(Source data Opens)

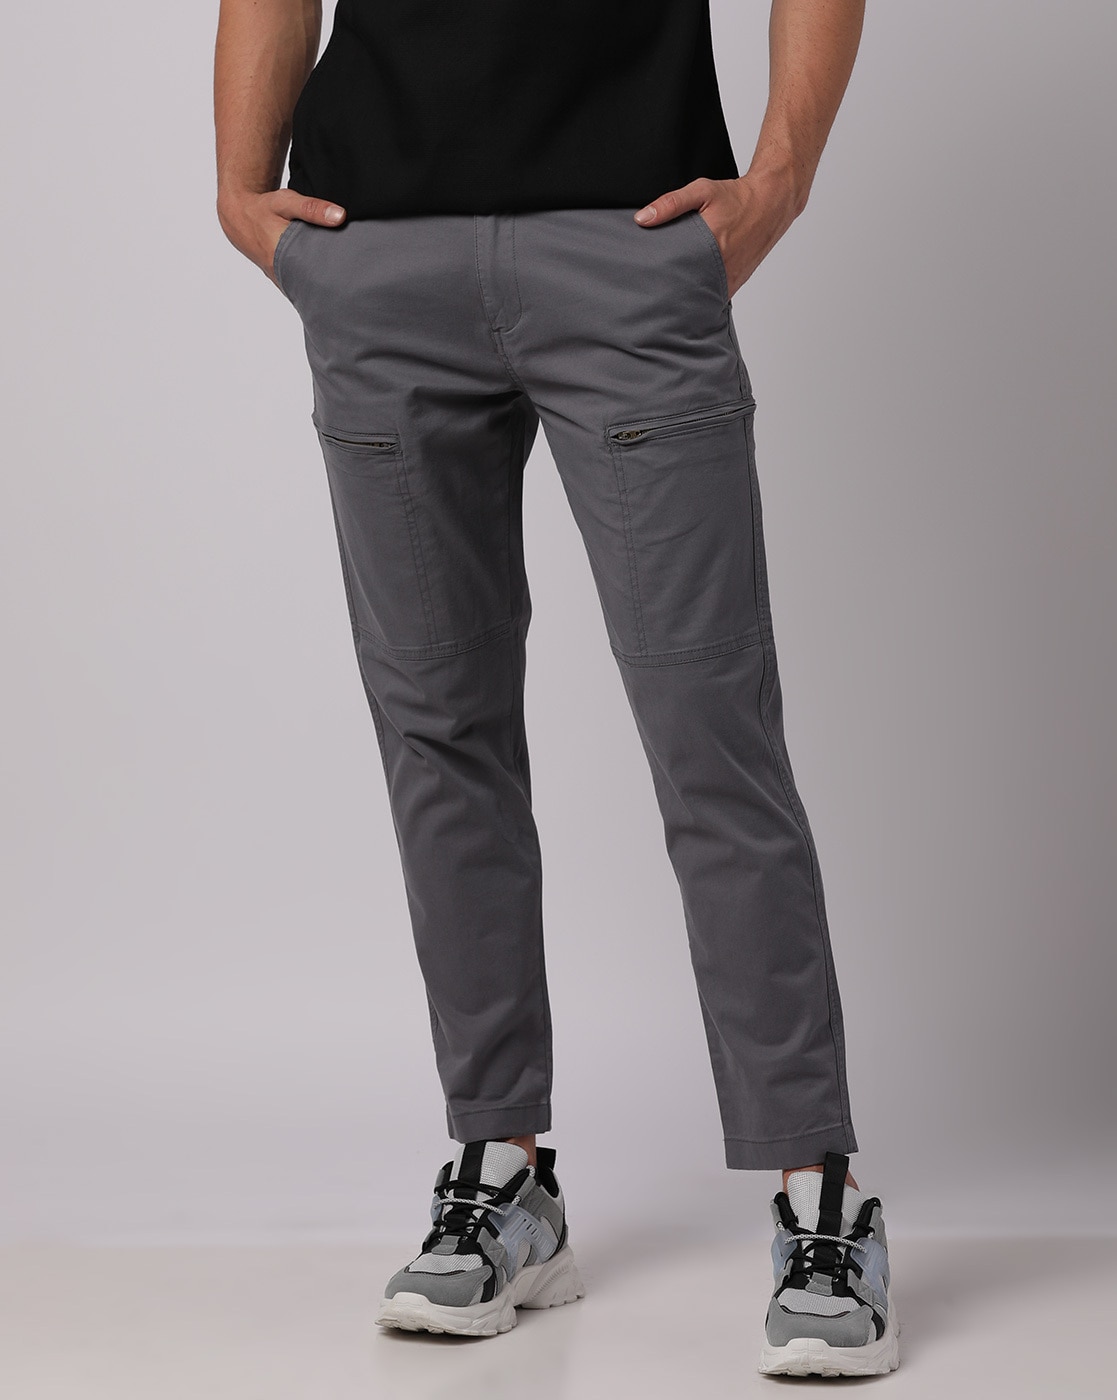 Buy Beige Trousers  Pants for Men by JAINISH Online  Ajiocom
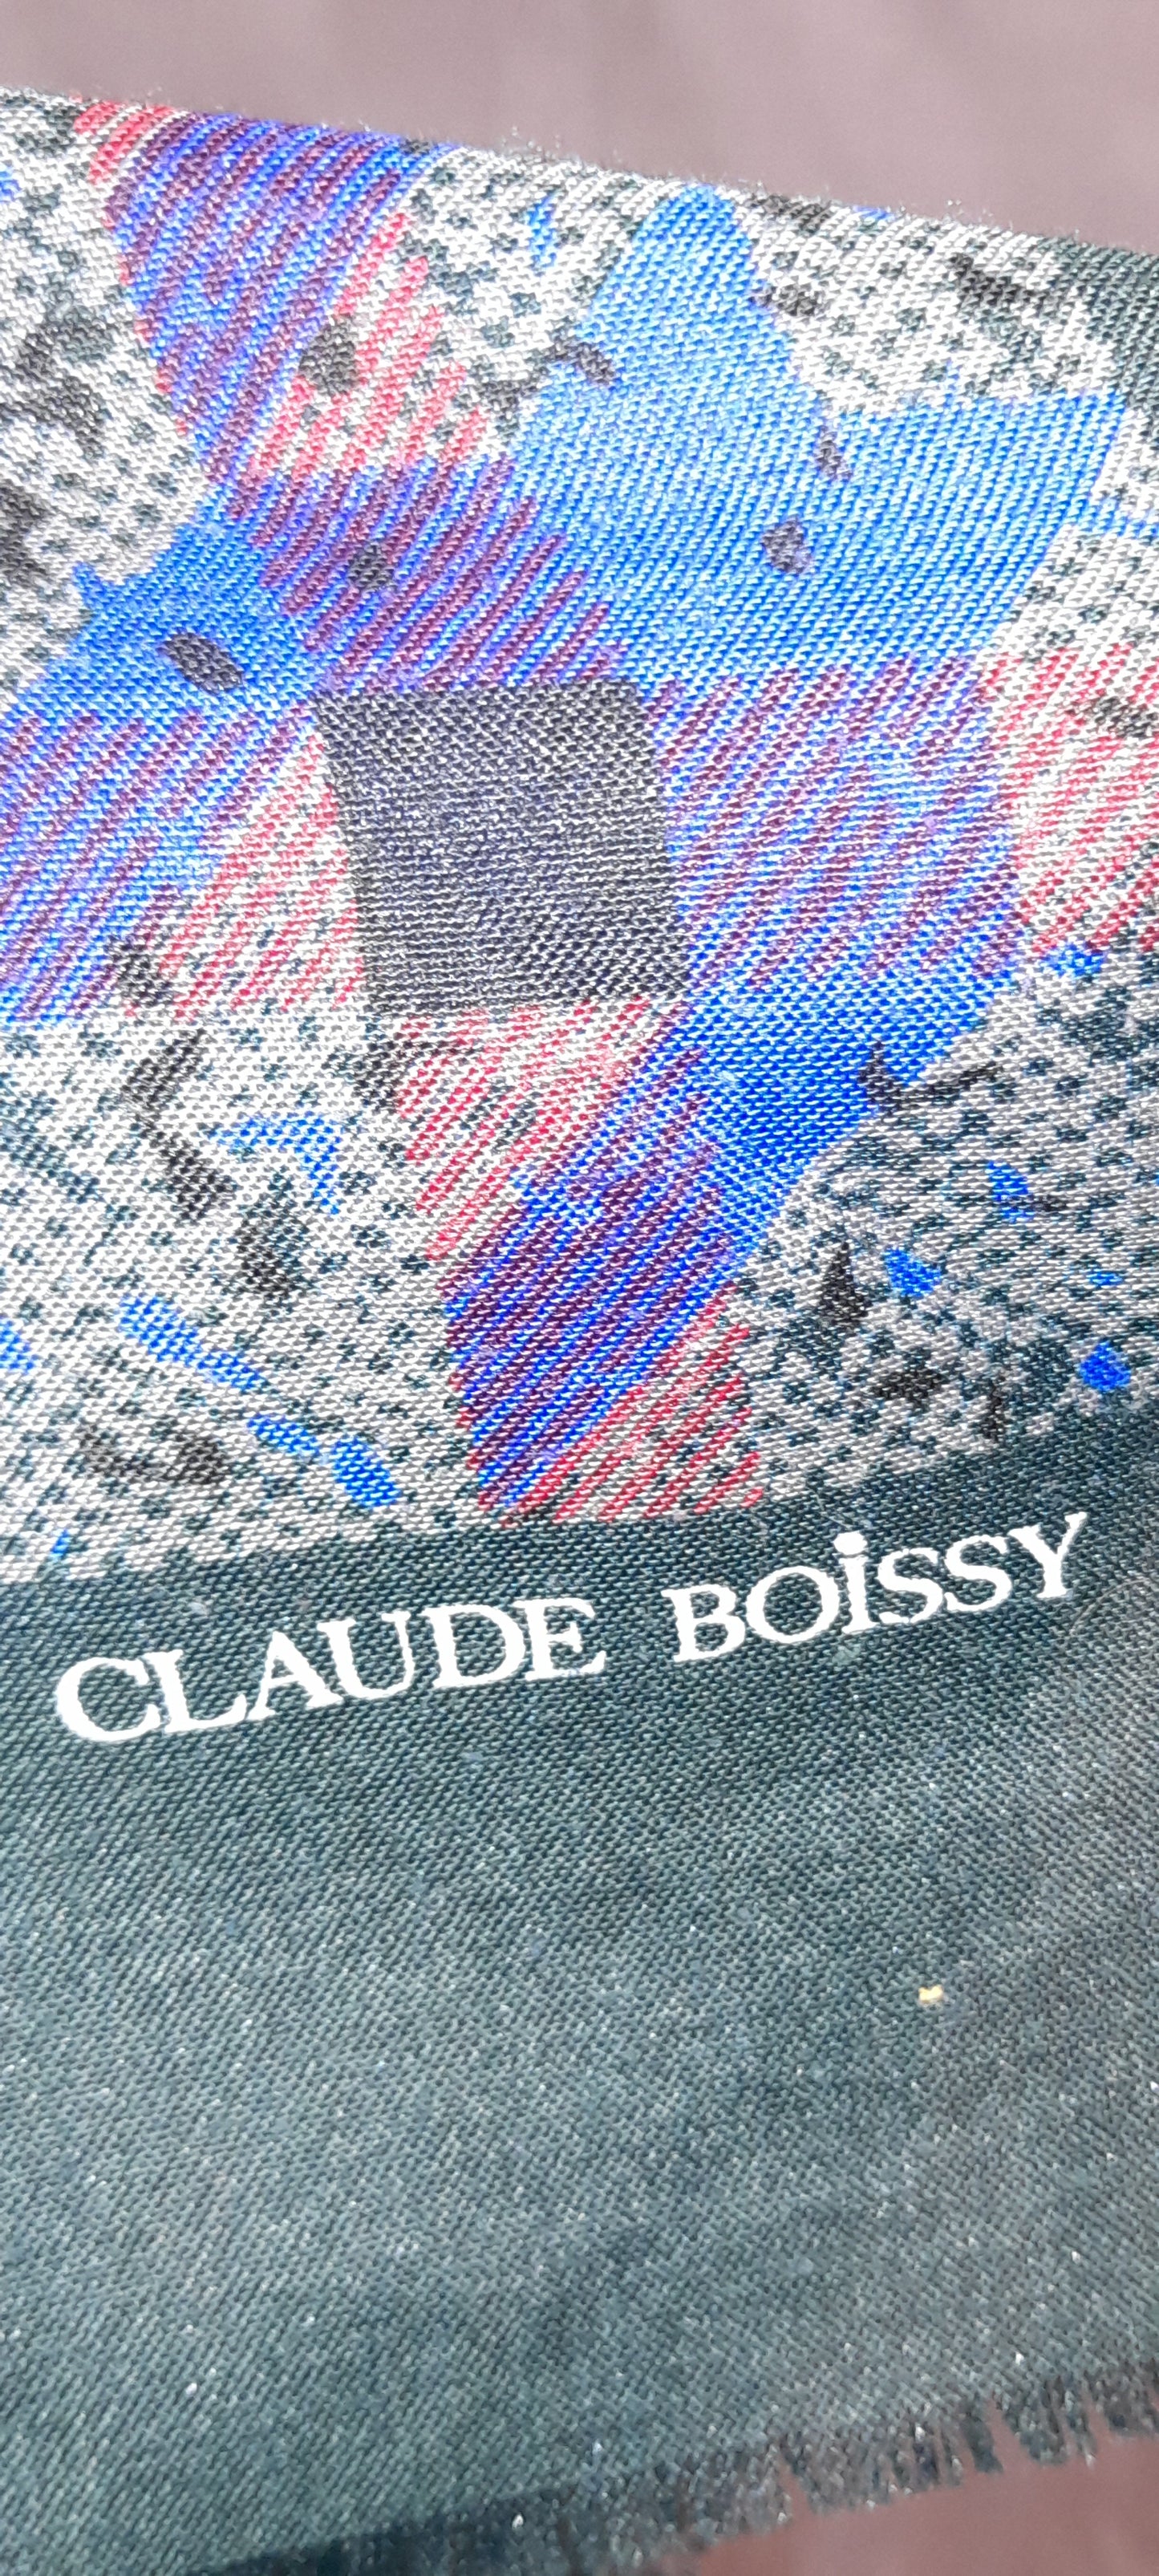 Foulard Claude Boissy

(Source data Closes)
(Source data Opens)

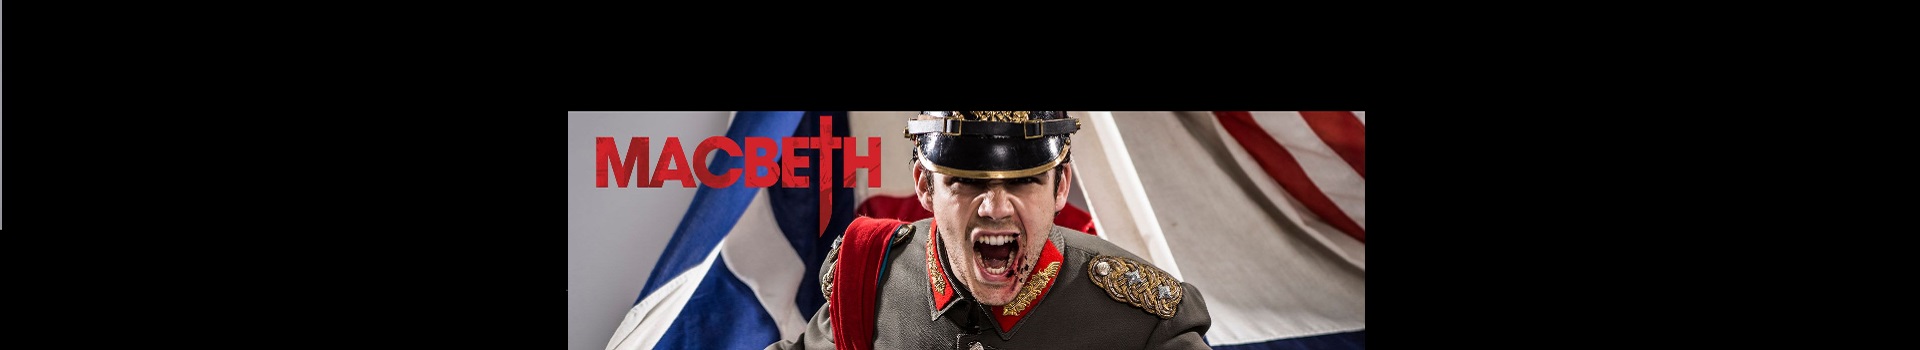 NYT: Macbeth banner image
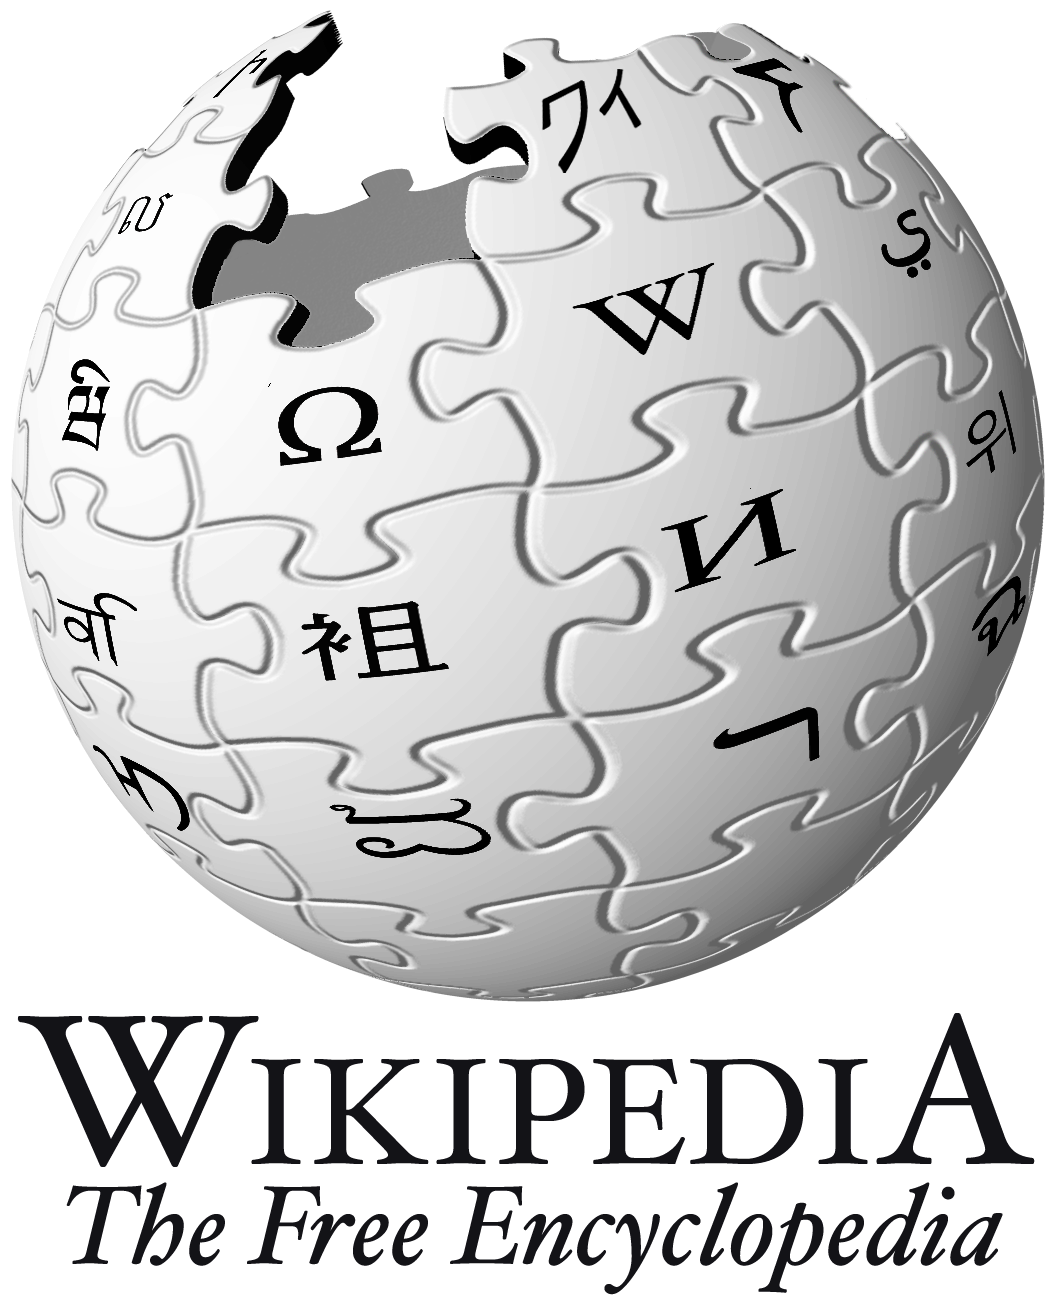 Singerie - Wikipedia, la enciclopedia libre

(Source data Closes)

▸ **Work to be completed**
When copying from the data above, begin at the line containing "Buy Beige Trousers" and end at the line containing "Foulard Claude Boissy"; return those lines exactly and leave all pictures behind.

▸ **Written solution**
 Buy Beige Trousers  Pants for Men by JAINISH Online  Ajiocom
 Foulard Claude Boissy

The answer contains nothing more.